A curious contradiction
This seems to be François Hollande, who is cleverly presenting himself as a "normal candidate" and campaigning hard to overcome inherited difficulties - such as that he comes from a Parti socialiste (PS) long sunk in factional strife and lacking either imagination or credible policies, and that he is an uninspiring speaker with no government experience and a reputation for inconsistency (thus the nickname "Flamby", after a brand of milky jelly).
But Hollande is going some way to compensate for these defects. He has published a detailed and moderate platform, the first social-democratic one in the history of a party long proud of its leftist roots, with no bold or too costly pledges voters know he could not fulfil in these dire times. "I don't want to come back to you within six months to tell you I can't fulfil my promises", he has said, looking resolute for the first time.
Yet Sarkozy and Hollande won't be allowed to dominate the race. A worrying factor is the irresistible rise of Marine Le Pen, who represents a more palatable (though this remains to be seen) version of far-right ideology, one distanced from her father's more or less open anti-semitism and admiration for the Third Reich. If Jean-Marie Le Pen was against the system, she wants to get inside it and achieve power. Her opposrtunity is the economic crisis, which she has allowed her to make inroads to voters of all classes with her anti-euro, anti-Europe, and anti-foreigner (i.e. non-white foreigner) platform. An IFOP poll for the communist daily L'Humanité shows her just behind Hollande among trade unionists and (a historic first) ahead among non-unionised workers. The FN is replacing the Communist Party (now at 2%-3%) as the vehicle of protest votes.
It is also a negative rather than a positive choice. The French are deeply disappointed with politicians of all stripes. An Ipsos poll for the daily Libération finds only 22% considering that politicians feel bound by moral rules; a Cevipof poll for the weekly Le Point shows that 83% think politicians don't care about them.
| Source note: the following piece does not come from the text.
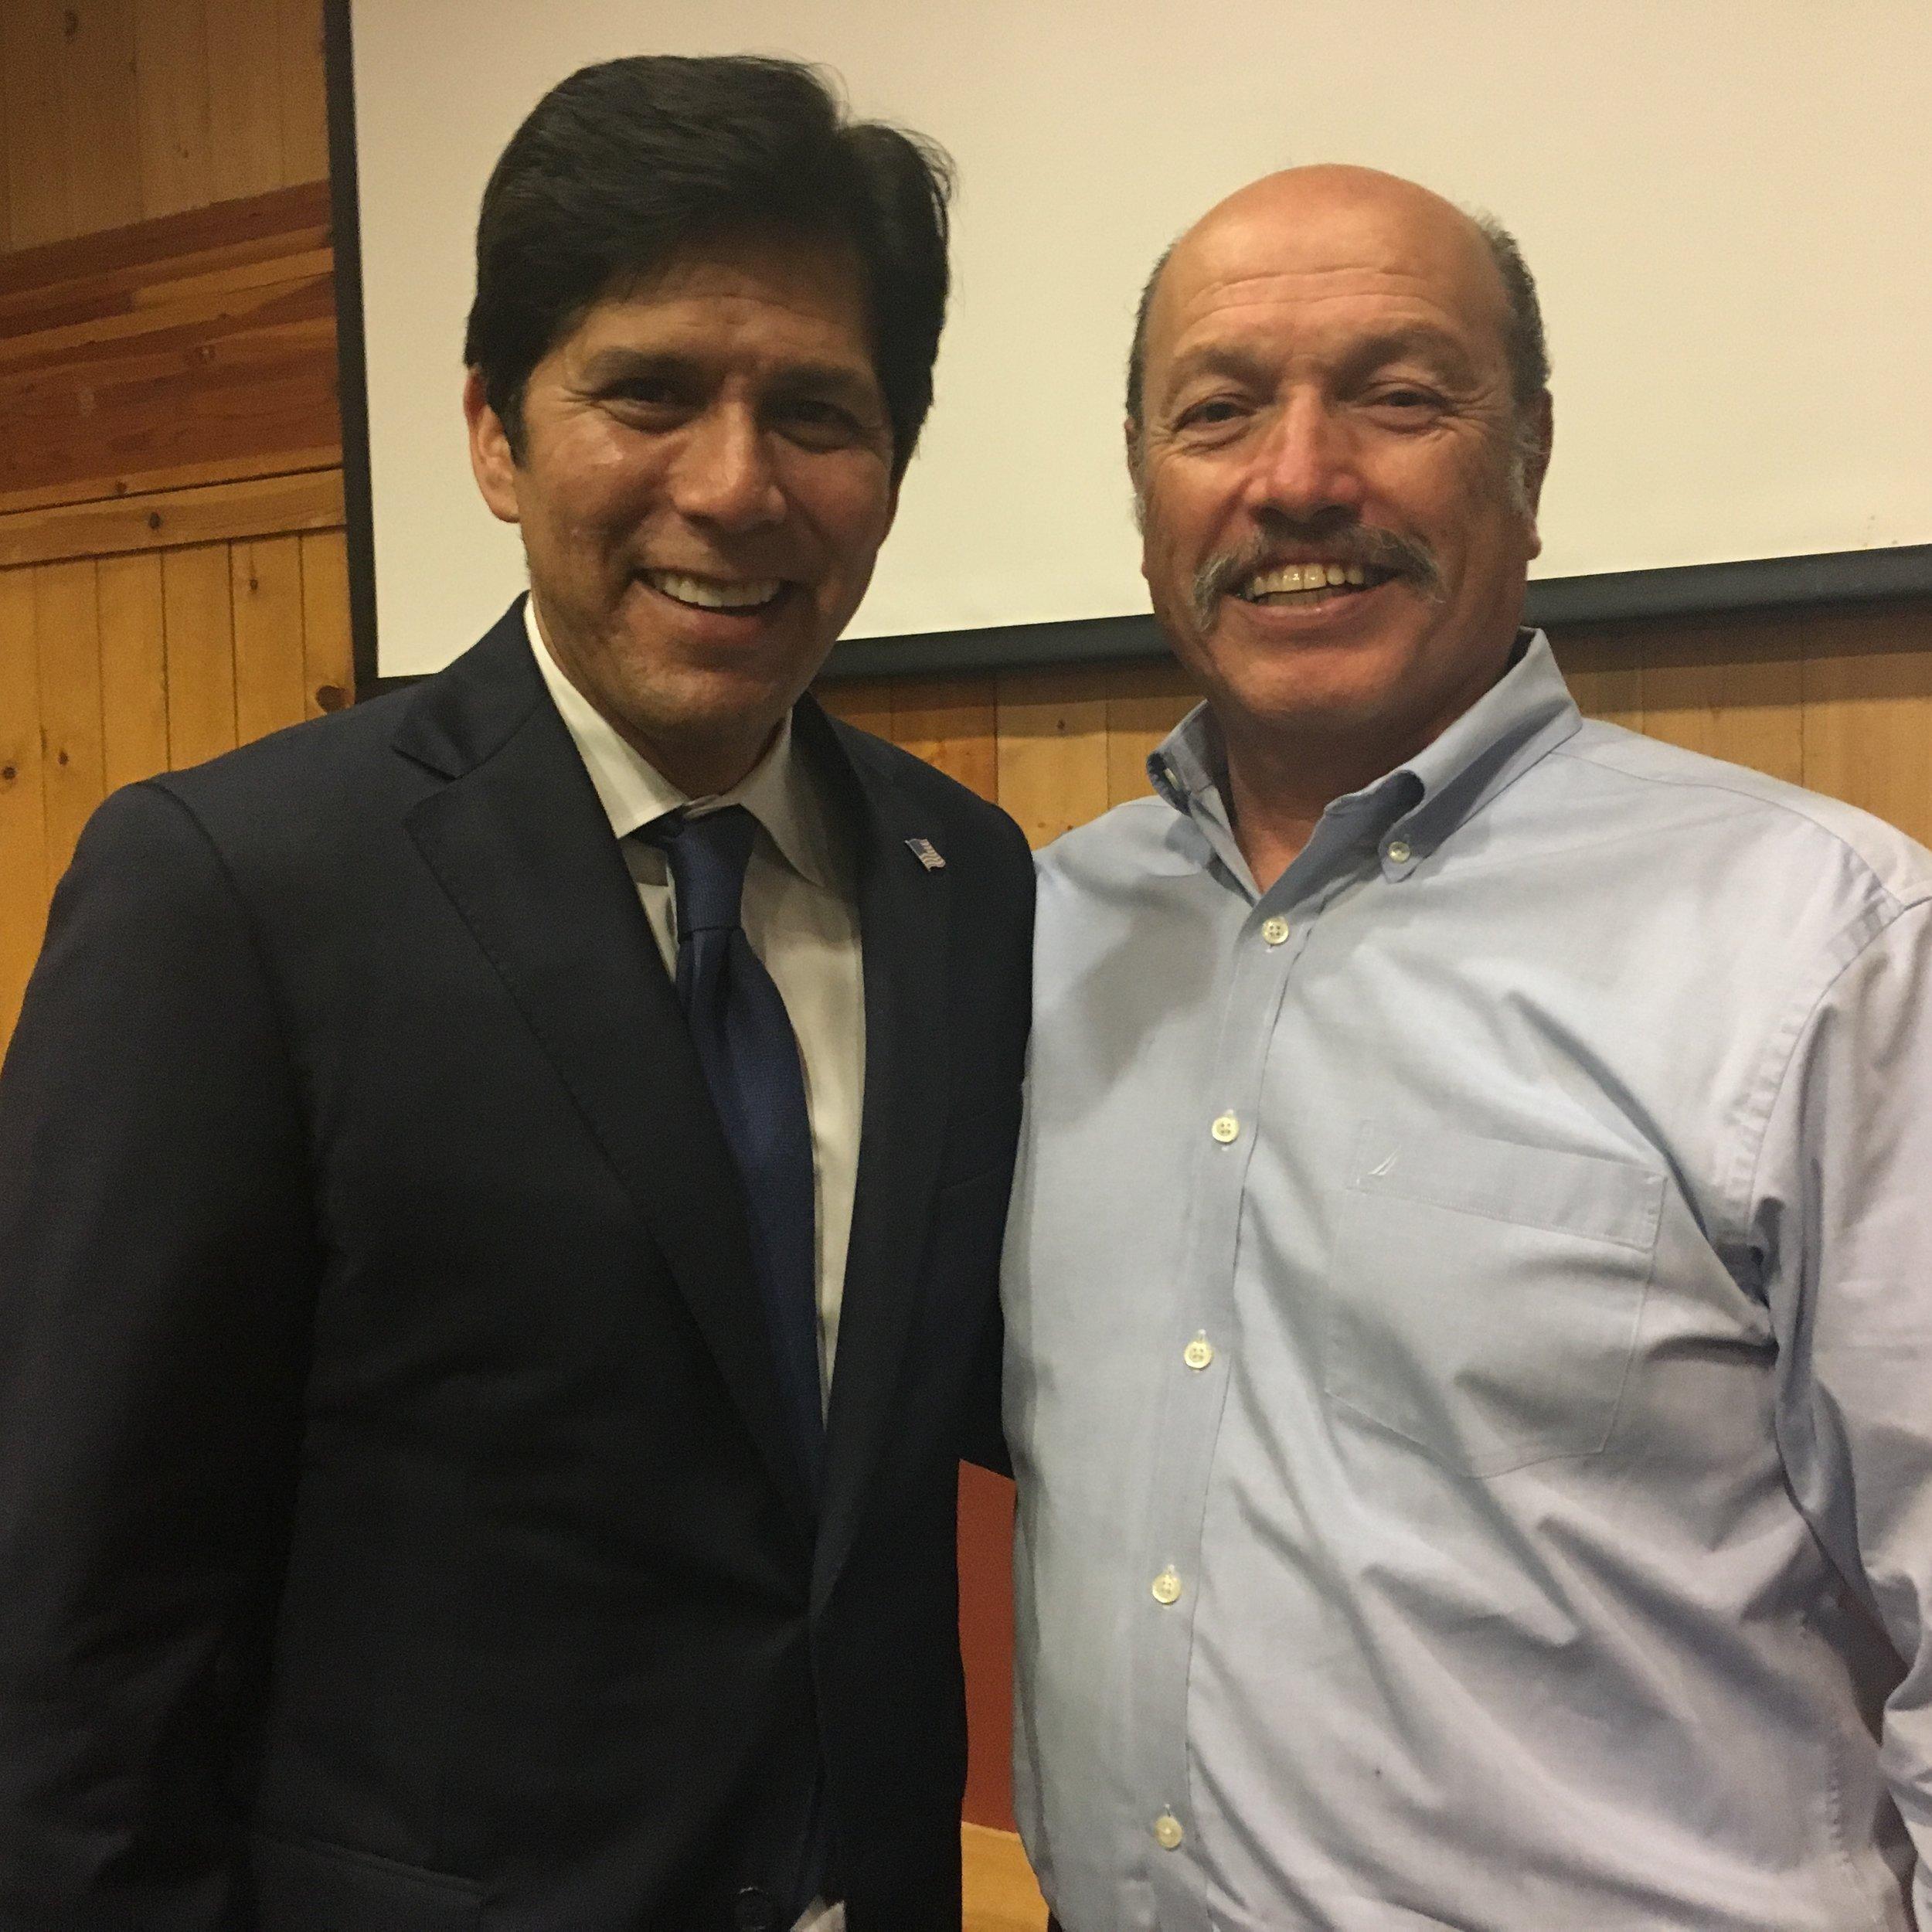 Tony with President pro Tempore of the California State Senate Kevin de Leon

This is a society far gloomier in 2012 even than in 2007, and French despair has (most analysts agree) been nurtured by President Sarkozy's policies and personality as much as by the severe crisis. In France's monarchical tradition, which has remained vivid, heads of state are expected to behave as such and to protect their citizens. Sarkozy has let them down with his egocentric, erratic and insensitive behaviour as well as by failing to keep his promises (even if, as former interior minister Charles Pasqua once said, "promises only bind those who listen to them", words still matter to the French - something Hollande acknowledges by referring to a "presidency of the word").
The most symptomatic finding on France's current mood, and perhaps an appropriate challenge to its discredited politicians in this election year (with legislative elections due on 10 June and 17 June 2012), may be a Gallup international survey in December 2011, which confirms the French to be the most pessimistic people in the world - "ahead" of Nigerians and Iraqis.
At the same time, their birth-rate of over 2% makes them the most prolific nation in Europe. What better sign of optimism can there be than making the most long-term, emotional and (for many) costly investment of all? Perhaps out of this curious French contradiction, the seed of much-needed political life can emerge.